• [Task description]: Each line below should be written out again exactly.

• [Study material]:
★ ★ ★ ★
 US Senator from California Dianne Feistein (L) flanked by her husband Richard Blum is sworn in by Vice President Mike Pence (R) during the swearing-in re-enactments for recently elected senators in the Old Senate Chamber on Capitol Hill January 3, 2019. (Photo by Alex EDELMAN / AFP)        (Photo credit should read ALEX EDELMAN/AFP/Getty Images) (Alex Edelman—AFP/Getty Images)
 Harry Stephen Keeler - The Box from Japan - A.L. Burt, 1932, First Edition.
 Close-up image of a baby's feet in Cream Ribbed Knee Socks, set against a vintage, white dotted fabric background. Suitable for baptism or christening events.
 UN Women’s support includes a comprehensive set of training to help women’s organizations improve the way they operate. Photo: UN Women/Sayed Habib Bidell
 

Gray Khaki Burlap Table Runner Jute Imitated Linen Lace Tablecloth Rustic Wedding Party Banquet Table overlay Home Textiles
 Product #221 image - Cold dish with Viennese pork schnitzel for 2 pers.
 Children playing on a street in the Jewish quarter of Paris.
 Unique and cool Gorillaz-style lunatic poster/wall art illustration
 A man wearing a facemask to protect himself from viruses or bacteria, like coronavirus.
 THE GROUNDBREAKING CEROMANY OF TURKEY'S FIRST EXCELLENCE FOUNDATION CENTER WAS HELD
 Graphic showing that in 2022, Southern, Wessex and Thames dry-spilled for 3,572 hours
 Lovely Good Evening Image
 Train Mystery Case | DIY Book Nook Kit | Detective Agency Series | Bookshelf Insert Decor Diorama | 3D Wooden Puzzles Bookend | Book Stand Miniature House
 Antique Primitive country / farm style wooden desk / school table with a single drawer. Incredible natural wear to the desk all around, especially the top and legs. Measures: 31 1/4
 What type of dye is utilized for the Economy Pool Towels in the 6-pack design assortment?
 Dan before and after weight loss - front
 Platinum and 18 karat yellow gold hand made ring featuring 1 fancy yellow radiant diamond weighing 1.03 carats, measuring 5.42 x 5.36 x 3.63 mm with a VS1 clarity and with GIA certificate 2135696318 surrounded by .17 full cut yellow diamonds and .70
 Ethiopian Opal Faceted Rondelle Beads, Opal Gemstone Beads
★ ★ ★ ★
• [Response to the task]:
 US Senator from California Dianne Feistein (L) flanked by her husband Richard Blum is sworn in by Vice President Mike Pence (R) during the swearing-in re-enactments for recently elected senators in the Old Senate Chamber on Capitol Hill January 3, 2019. (Photo by Alex EDELMAN / AFP)        (Photo credit should read ALEX EDELMAN/AFP/Getty Images) (Alex Edelman—AFP/Getty Images)
 Harry Stephen Keeler - The Box from Japan - A.L. Burt, 1932, First Edition.
 Close-up image of a baby's feet in Cream Ribbed Knee Socks, set against a vintage, white dotted fabric background. Suitable for baptism or christening events.
 UN Women’s support includes a comprehensive set of training to help women’s organizations improve the way they operate. Photo: UN Women/Sayed Habib Bidell
 

Gray Khaki Burlap Table Runner Jute Imitated Linen Lace Tablecloth Rustic Wedding Party Banquet Table overlay Home Textiles
 Product #221 image - Cold dish with Viennese pork schnitzel for 2 pers.
 Children playing on a street in the Jewish quarter of Paris.
 Unique and cool Gorillaz-style lunatic poster/wall art illustration
 A man wearing a facemask to protect himself from viruses or bacteria, like coronavirus.
 THE GROUNDBREAKING CEROMANY OF TURKEY'S FIRST EXCELLENCE FOUNDATION CENTER WAS HELD
 Graphic showing that in 2022, Southern, Wessex and Thames dry-spilled for 3,572 hours
 Lovely Good Evening Image
 Train Mystery Case | DIY Book Nook Kit | Detective Agency Series | Bookshelf Insert Decor Diorama | 3D Wooden Puzzles Bookend | Book Stand Miniature House
 Antique Primitive country / farm style wooden desk / school table with a single drawer. Incredible natural wear to the desk all around, especially the top and legs. Measures: 31 1/4
 What type of dye is utilized for the Economy Pool Towels in the 6-pack design assortment?
 Dan before and after weight loss - front
 Platinum and 18 karat yellow gold hand made ring featuring 1 fancy yellow radiant diamond weighing 1.03 carats, measuring 5.42 x 5.36 x 3.63 mm with a VS1 clarity and with GIA certificate 2135696318 surrounded by .17 full cut yellow diamonds and .70
 Ethiopian Opal Faceted Rondelle Beads, Opal Gemstone Beads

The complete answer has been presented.